• Source material:
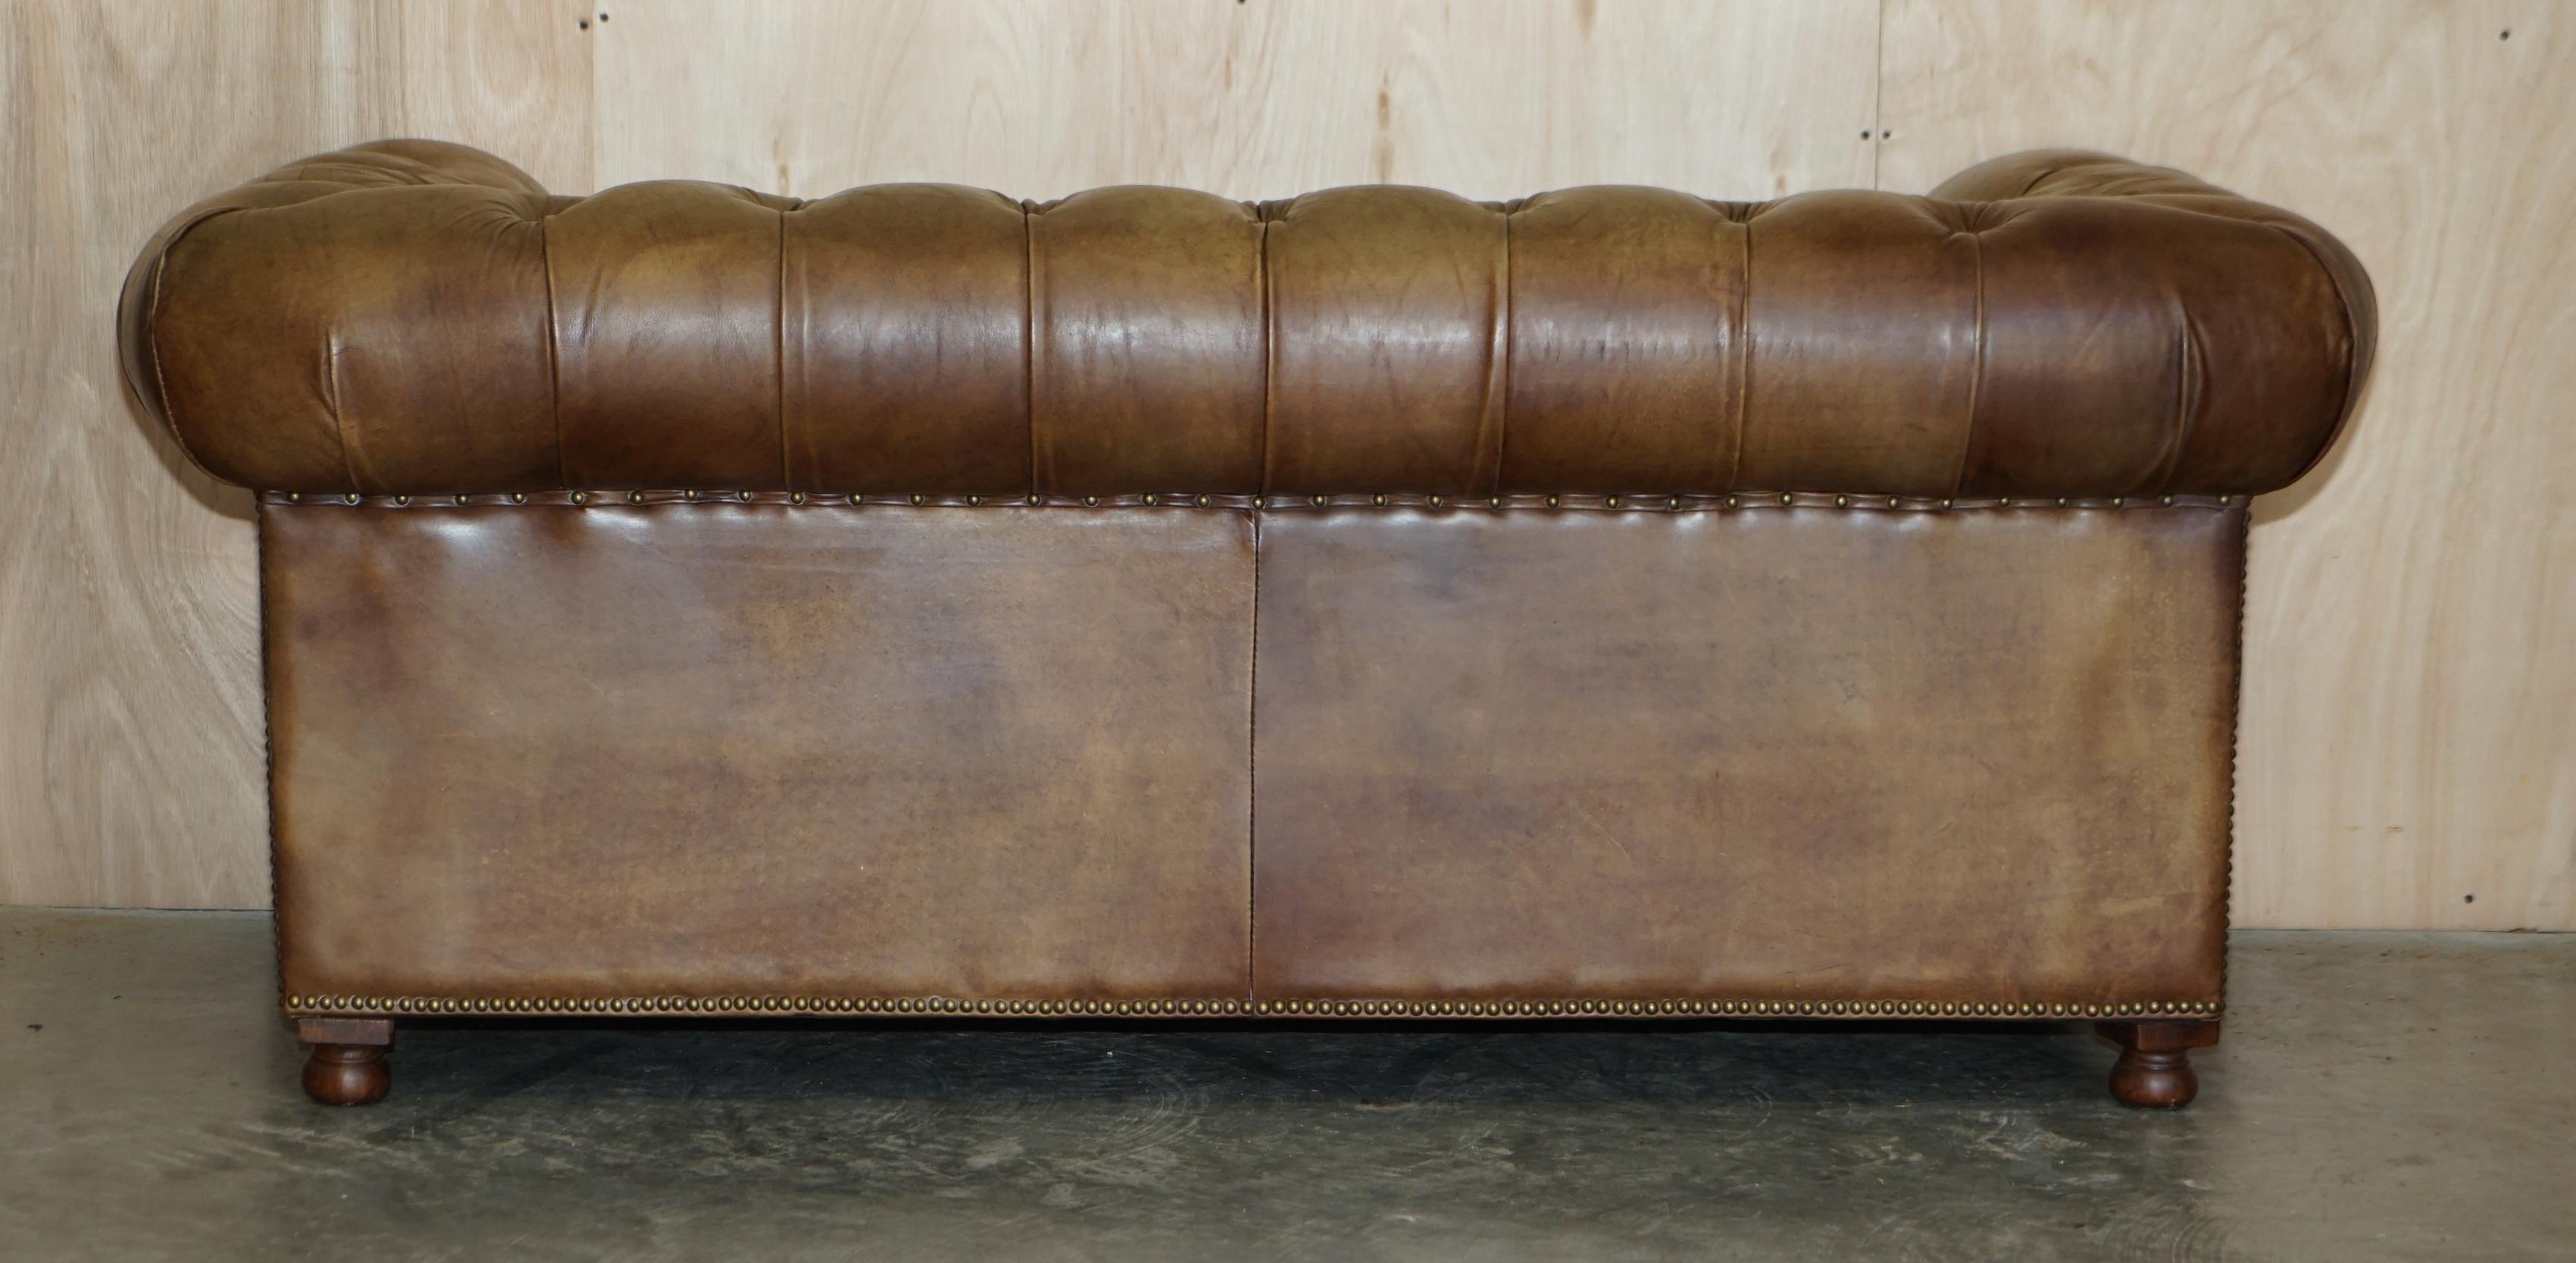 STUNNING TIMOTHY OULTON HALO WESTMiNSTER BROWN LEATHER CHESTERFIELD TUFTED SOFA 1
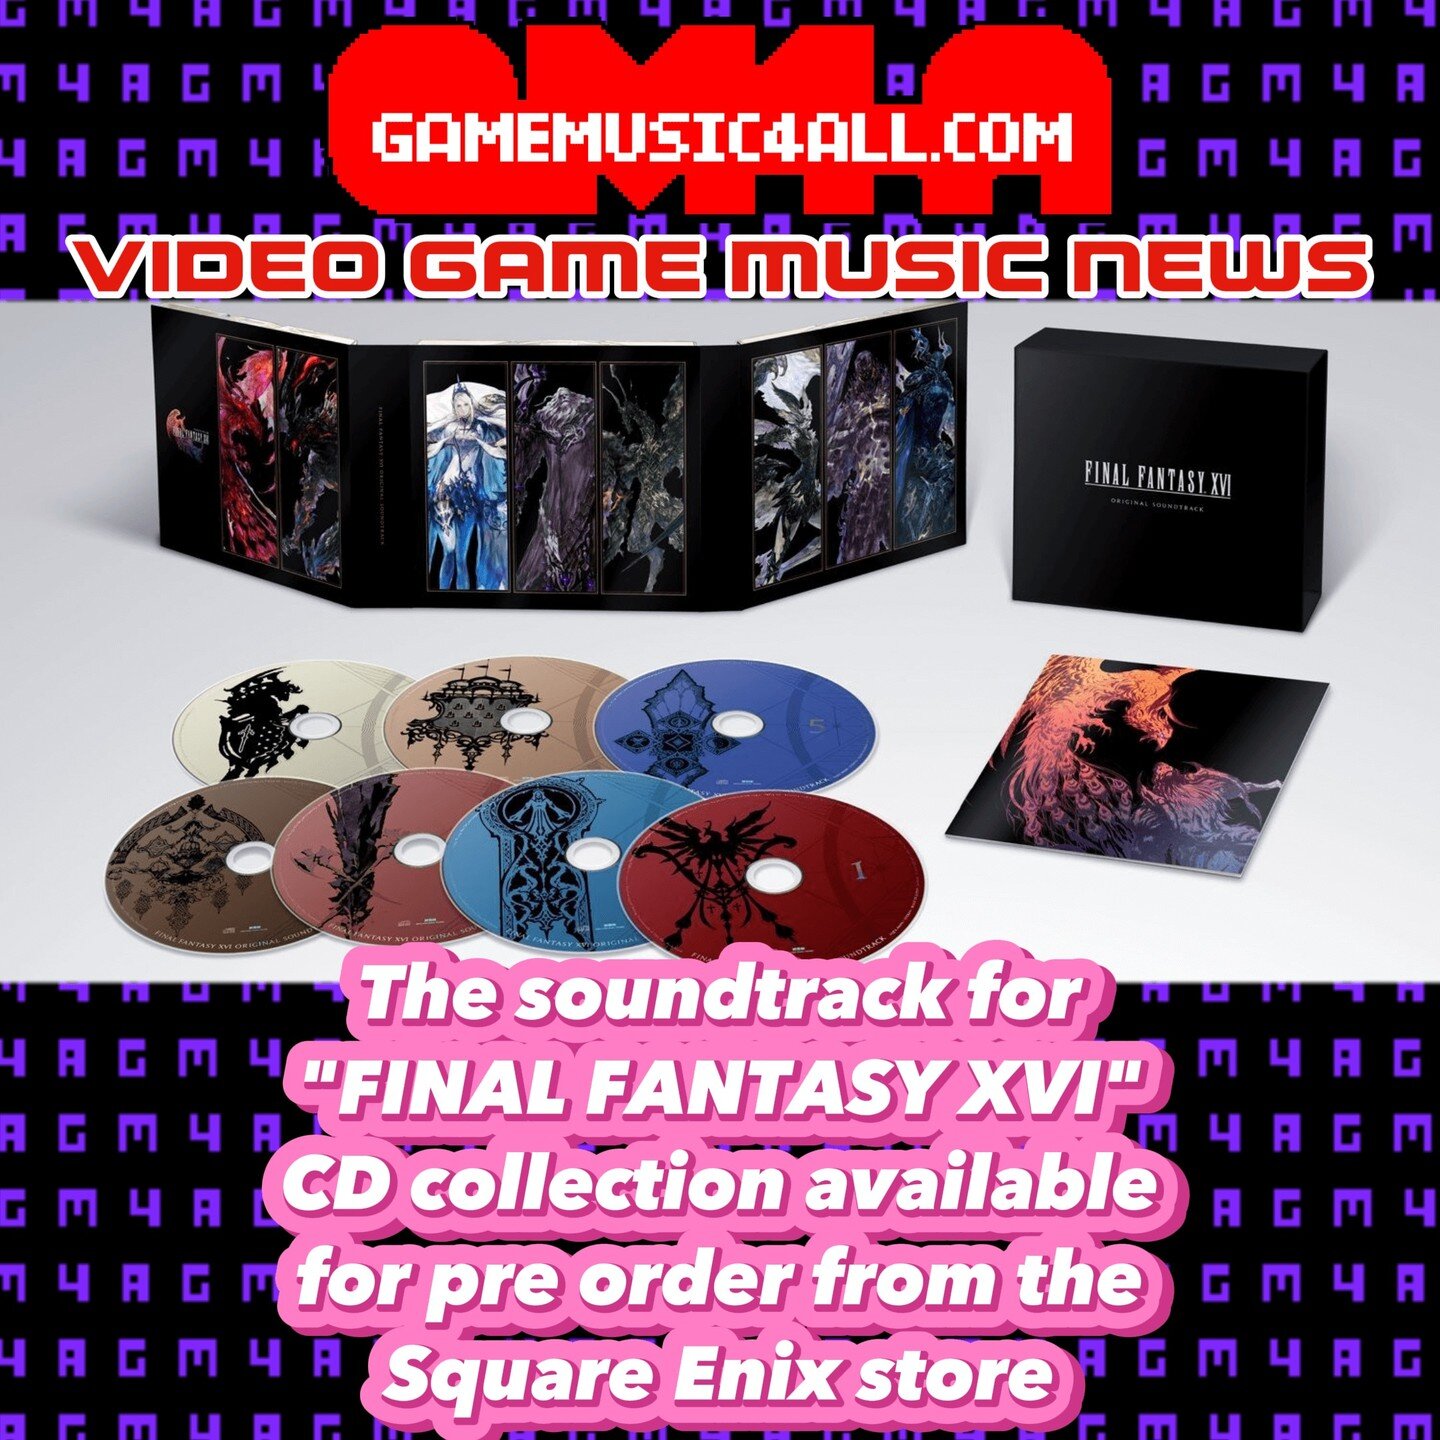 Merch preorder! The soundtrack for &quot;FINAL FANTASY XVI&quot; CD collection available for Pre-order from the Square Enix store. @squareenix Link in bio!
Find more info and gaming news at: gamemusic4all.com/vgmnews

#VGM #gamemusic #videogamemusic

• Task directions: This task calls for the lines from the line containing "Merch preorder! The" through the end of the listing, set down exactly and only, with pictures omitted.

• Answer section:
 Merch preorder! The soundtrack for &quot;FINAL FANTASY XVI&quot; CD collection available for Pre-order from the Square Enix store. @squareenix Link in bio!
Find more info and gaming news at: gamemusic4all.com/vgmnews

#VGM #gamemusic #videogamemusic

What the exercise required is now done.